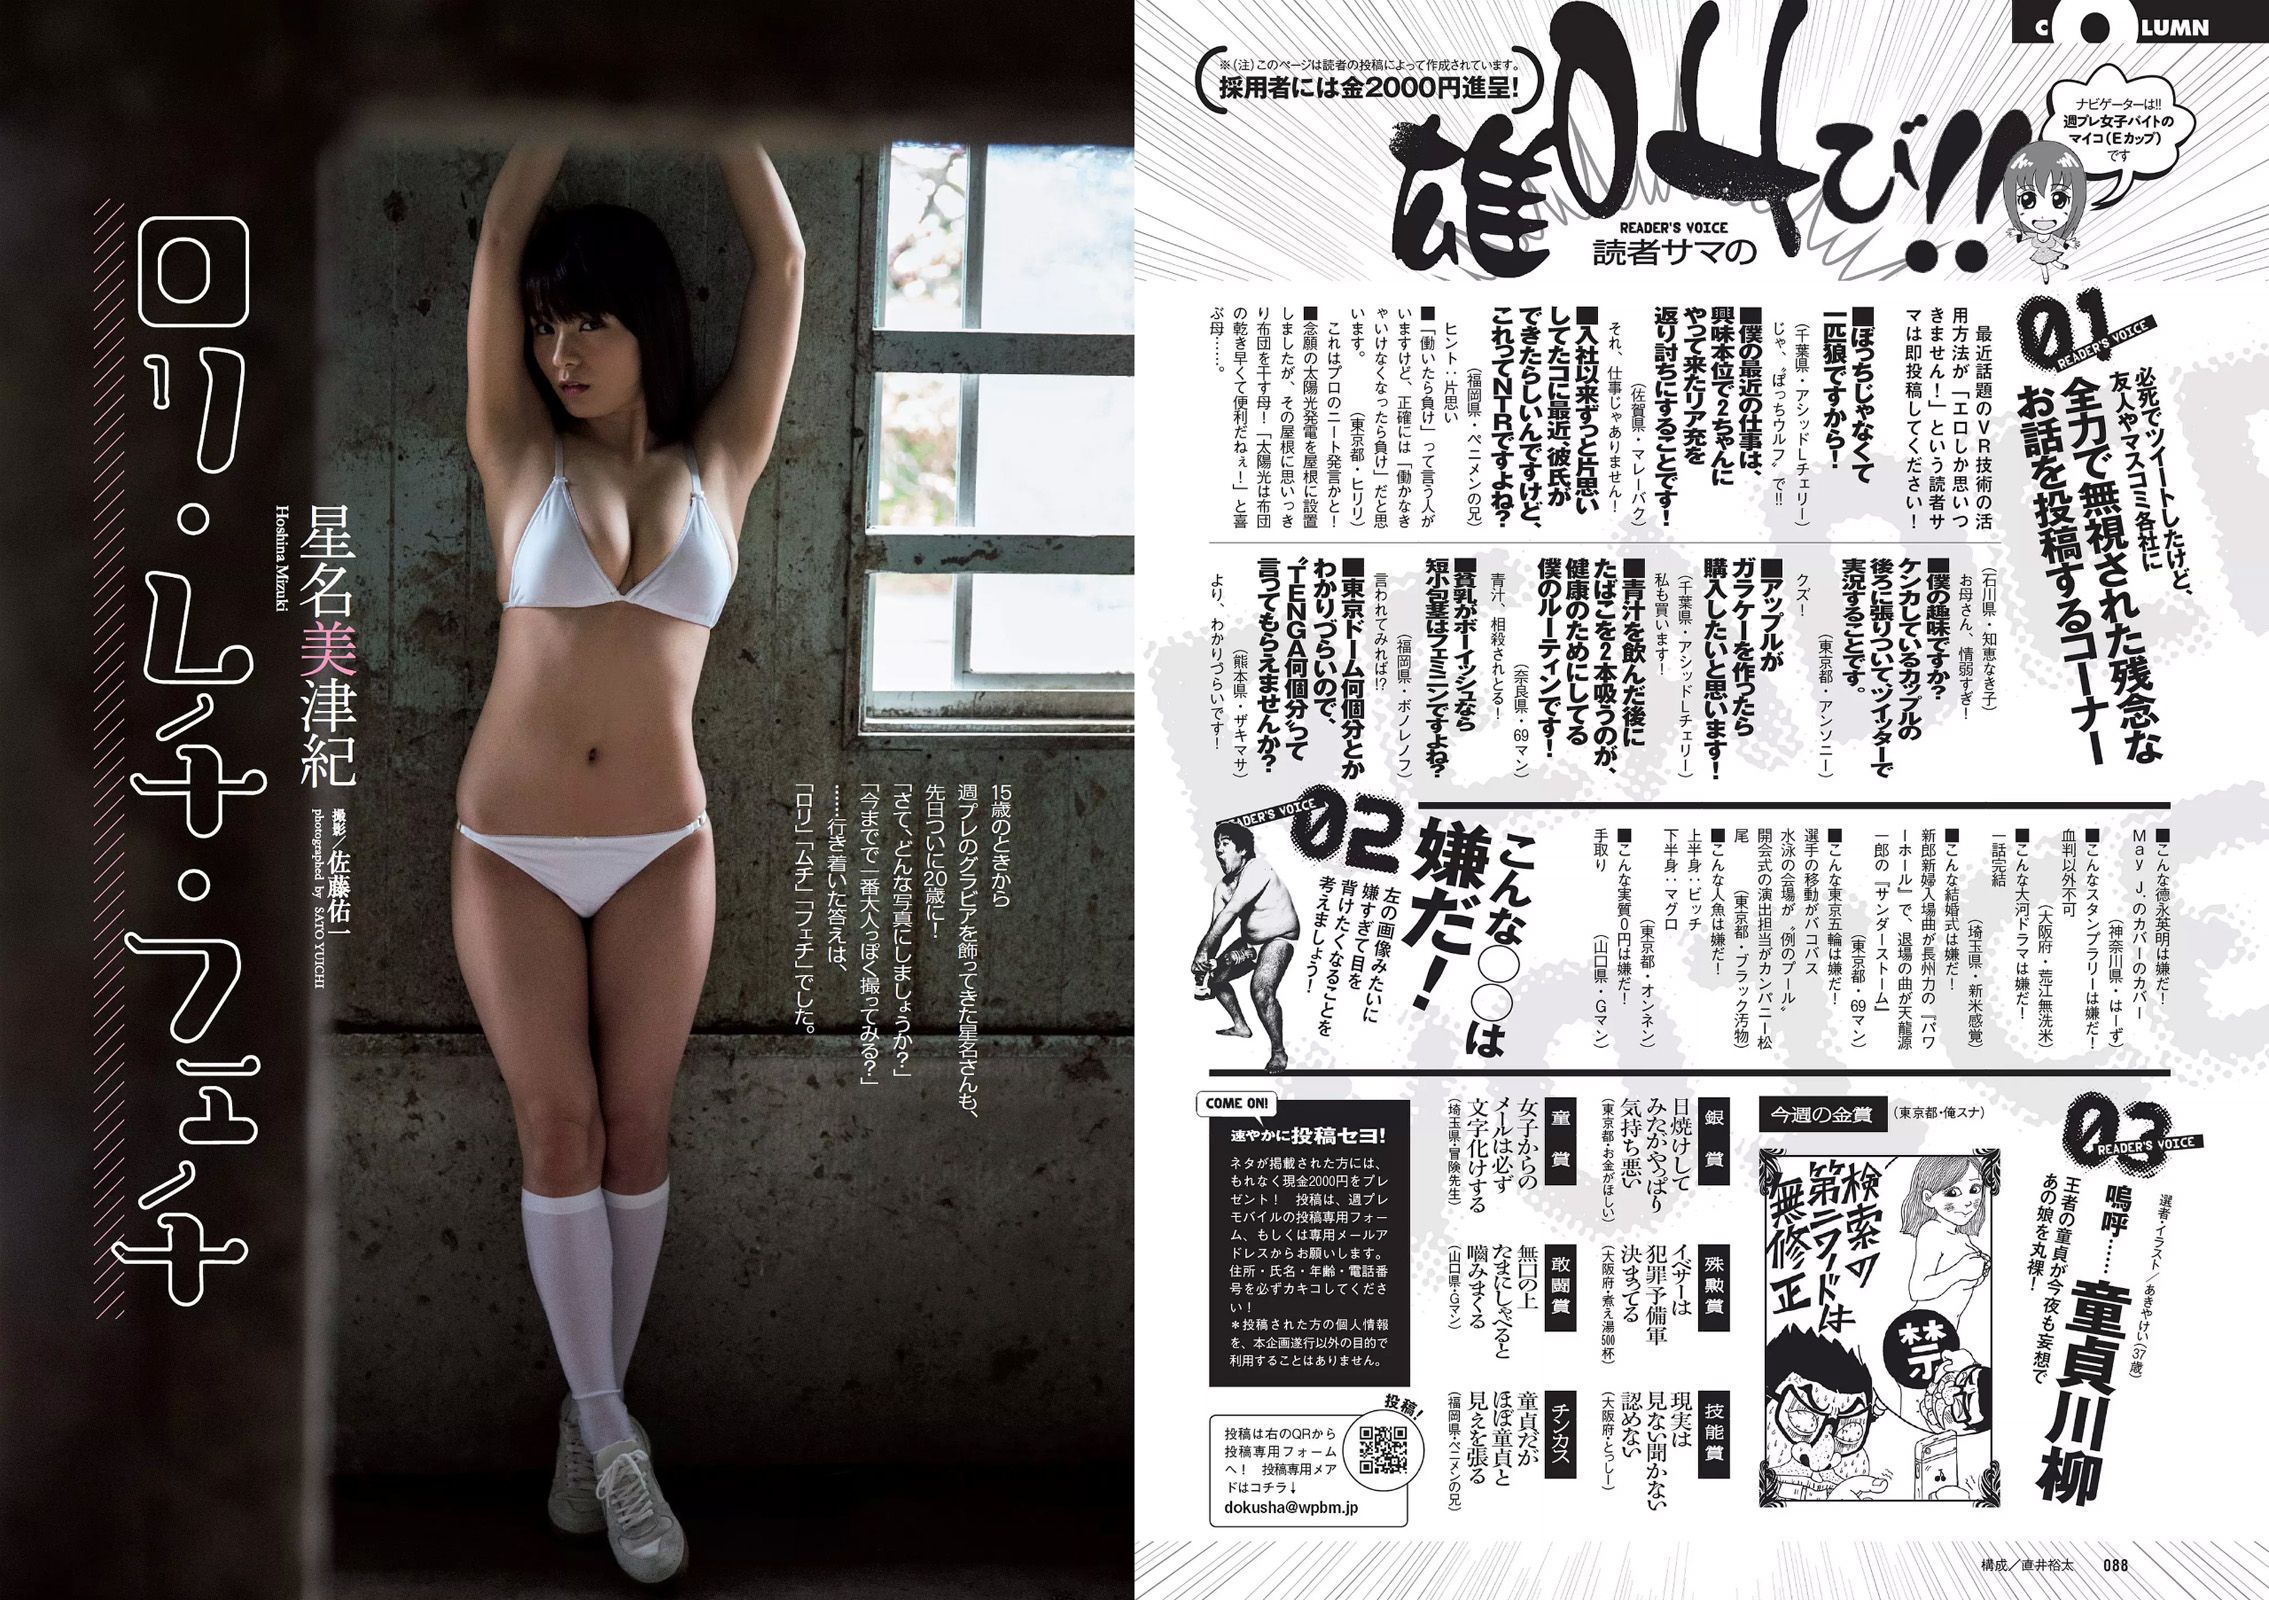 Asahina Nasa Nemoto Nagi Kumae Ryuyuki Hoshina Mitsuki Hatsukagawa Minami [Weekly Playboy] 2016 No.22 Photo Magazine Page 7 No.3d21f0
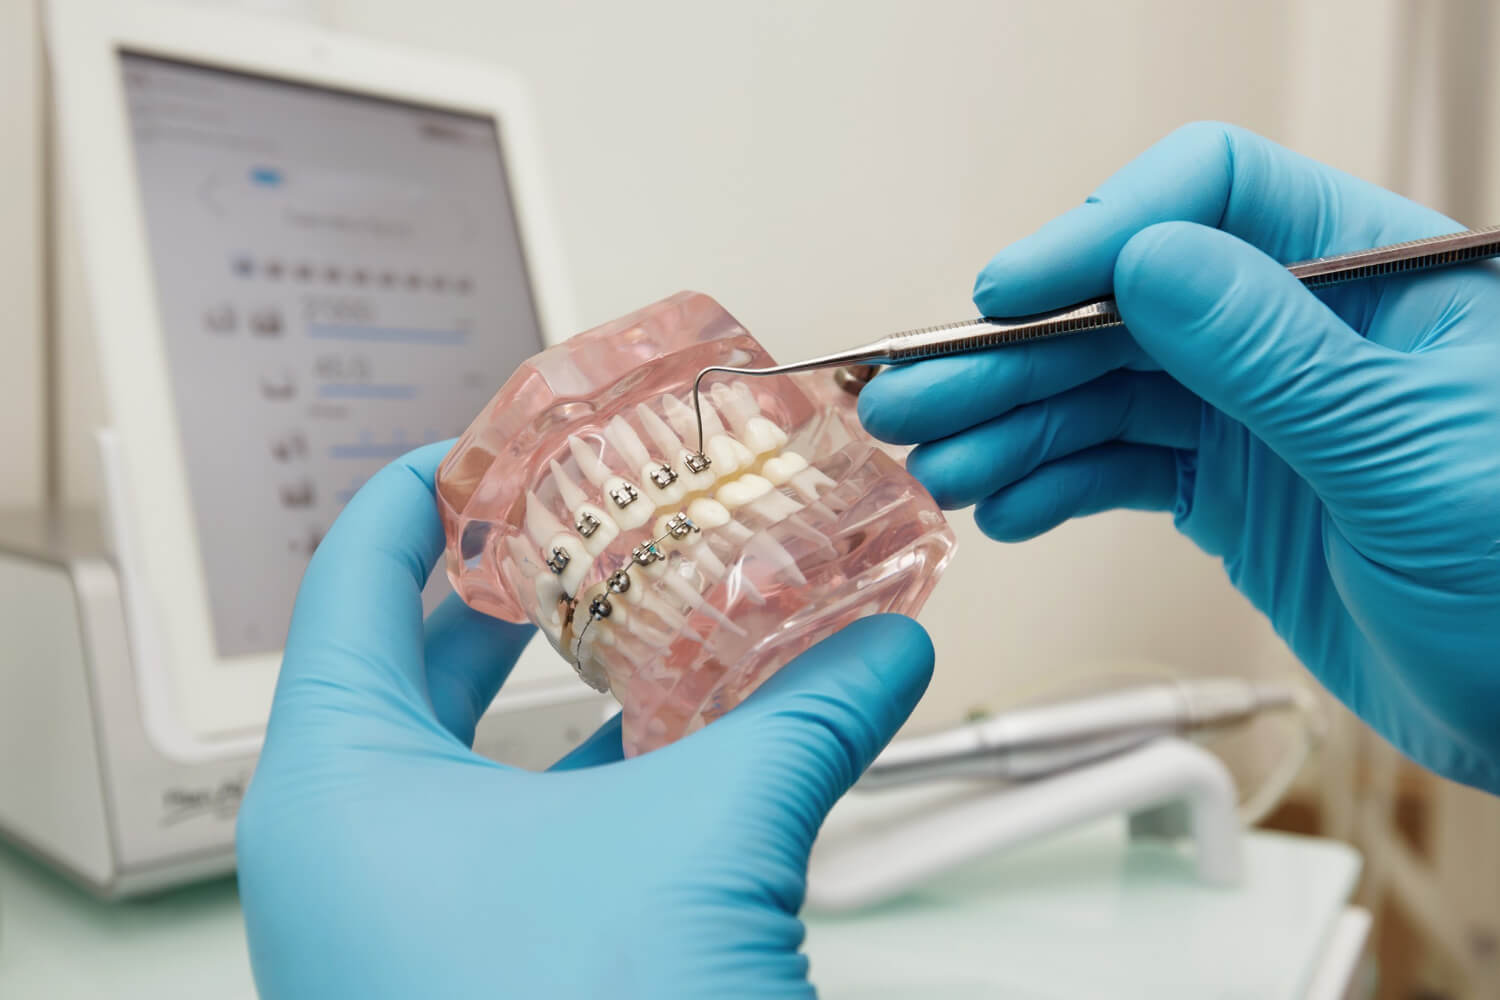 aparaty ortodontyczne zdjecie 2
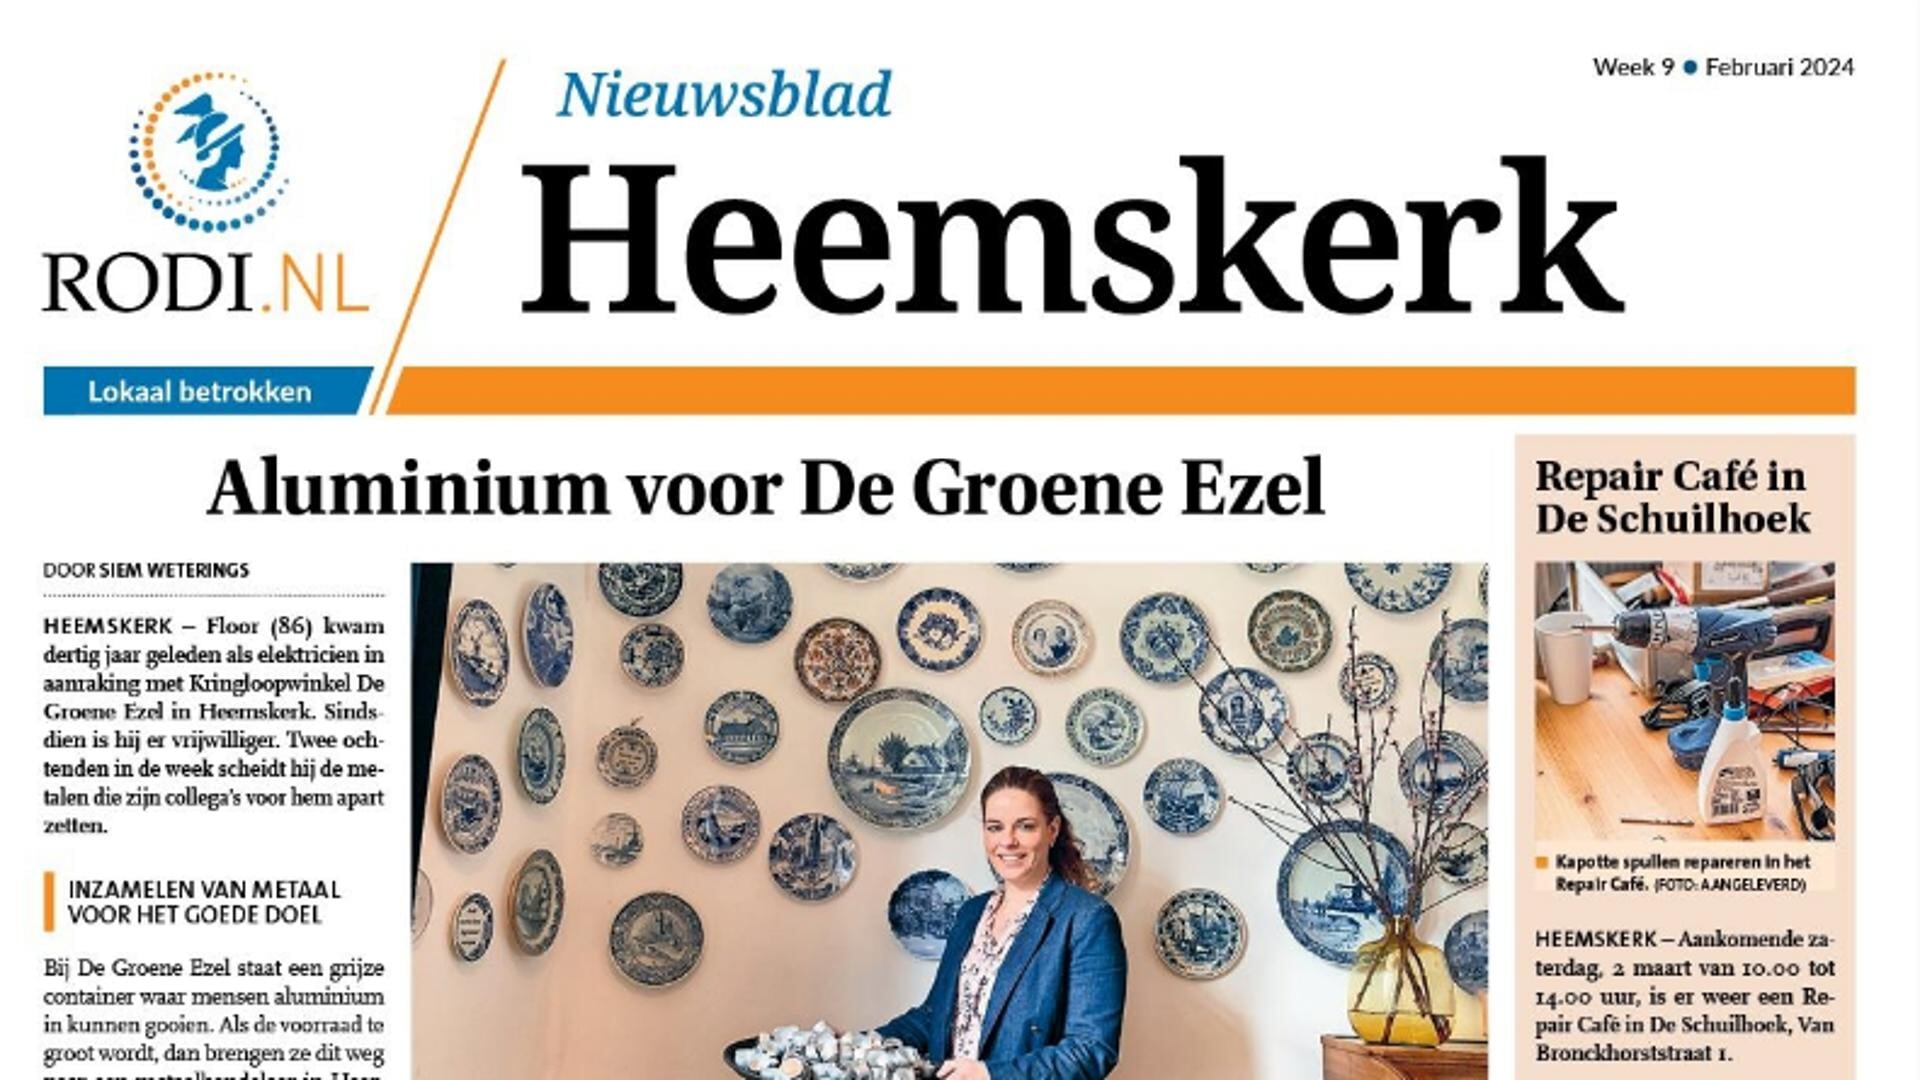 Nieuwsblad Heemskerk staat weer online!

- _EXERCISE BRIEF_
If pictures appear, drop them, and retype exactly the lines from the "aparaty ortodontyczne zdjecie 2" line through the last line of the data above.

- _SOLUTION_
 aparaty ortodontyczne zdjecie 2
 Nieuwsblad Heemskerk staat weer online!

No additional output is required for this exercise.